The fail rate is about 15-20% of the devices I connect. It also seems rather random on which USB port it occurs.

My actual question

  • Has anyone experienced similar issues with init_rd massflash or is this even a known issue with the massflash script? If yes, how did you guys solve this?
  • How many devices have been verified to work reliable (I assumed the limit was 10, because the default is limited to 10)?

Always put the full log and don’t crop them.

I don’t think we have tested with that much devices.
How many devices can you reliably flash without failing?

Hello,

I now got 8 devices “almost” reliable to flash simultaneously. I still had a few issues during the setup of the massflash image. One of my problems was my storage space. I didn’t got any errors during the generation/packing of the initrd massflash image and I didn’t noticed it at first. This caused the files that were created for the flashing instances to break. Therefore the flashing errors were depending on the instance ID.

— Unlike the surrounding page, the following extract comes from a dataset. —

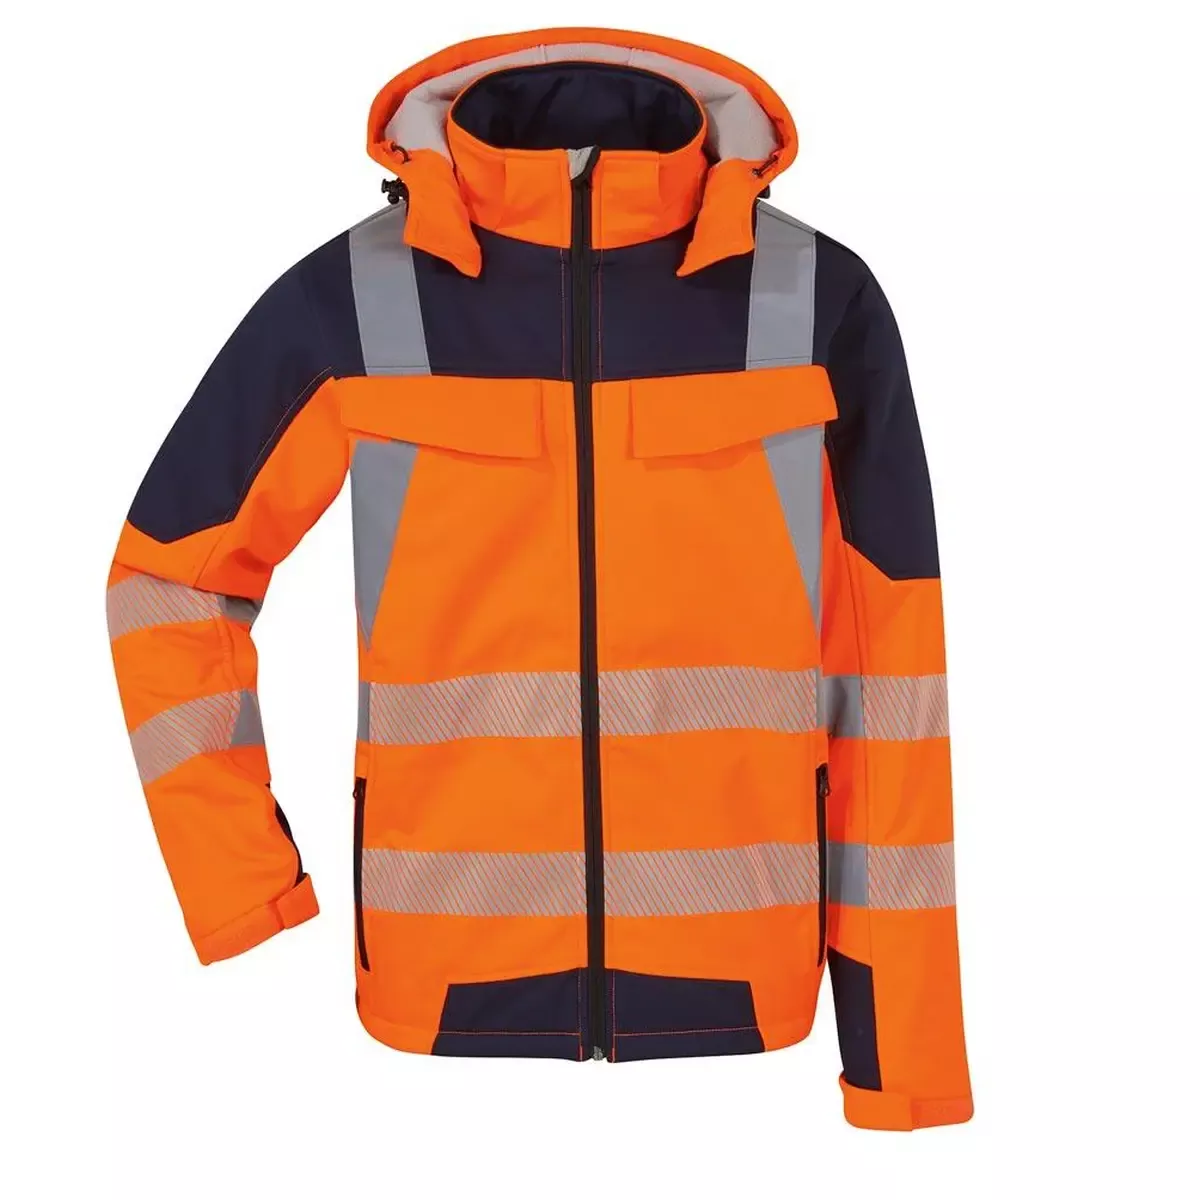 Warnschutz-Softshell-Jacke, Farbe leuchtorange/marine, Gr. 2XL Extrem dehnbar und atmungsaktiv

I have no idea what you are talking about here.
Also, this topic is marked as solved because you haven’t made a reply for a long time, so it’d be better for you to file a new one.

Hey Dave,

My issue is resolved.

TLDR:
The bootloader contains boot images for each USB instance that is created. Those files are generated during the creation of the initrd mfi. Some of those files were broken due to missing storage space. This caused the mfi process to stop.

/bootloader $ ls ./boot*
./boot0.img ./boot1.img ./boot2.img ./boot3.img ./boot4.img ./boot.img

This topic was automatically closed 14 days after the last reply. New replies are no longer allowed.